━━ Data extract

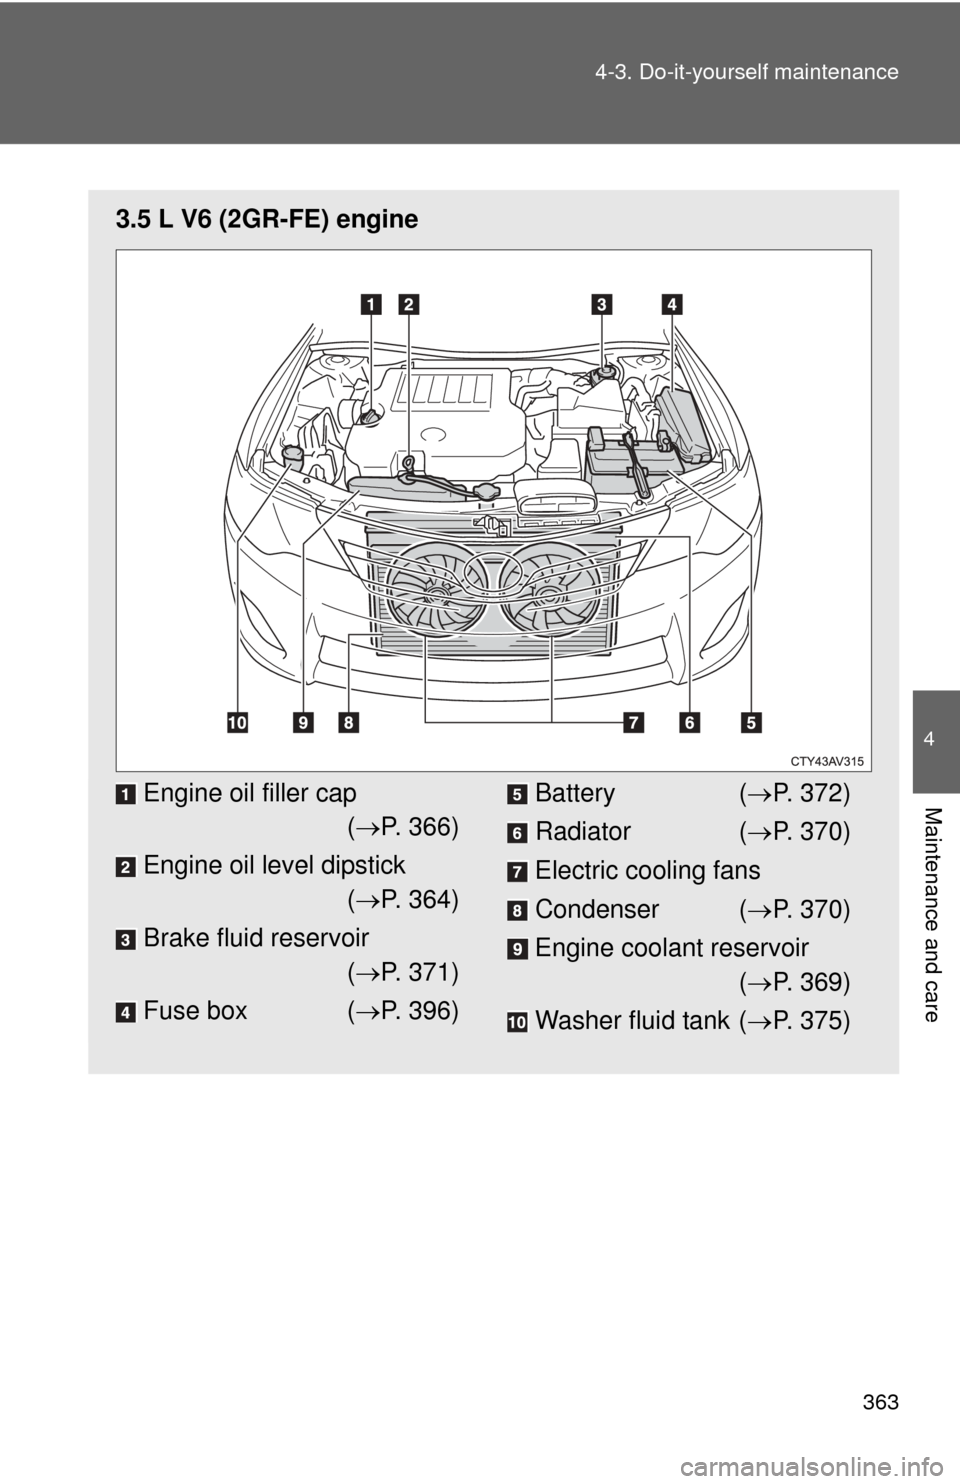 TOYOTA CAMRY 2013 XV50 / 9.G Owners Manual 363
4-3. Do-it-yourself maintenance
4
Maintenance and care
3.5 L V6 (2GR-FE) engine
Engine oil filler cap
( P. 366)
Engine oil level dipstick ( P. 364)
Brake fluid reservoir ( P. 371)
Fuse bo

━━━━
━━ Data extract

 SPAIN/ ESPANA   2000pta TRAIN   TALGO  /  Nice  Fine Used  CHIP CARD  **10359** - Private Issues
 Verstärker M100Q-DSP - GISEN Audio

━━━━

### Aim of the exercise
Transcribe, exactly and without additions, the lines of the records above, beginning with the line that contains "- Private Issues" and ending with the line that contains "Verstärker M100Q-DSP - GISEN Audio", both included.

### Answer for this exercise
 SPAIN/ ESPANA   2000pta TRAIN   TALGO  /  Nice  Fine Used  CHIP CARD  **10359** - Private Issues
 Verstärker M100Q-DSP - GISEN Audio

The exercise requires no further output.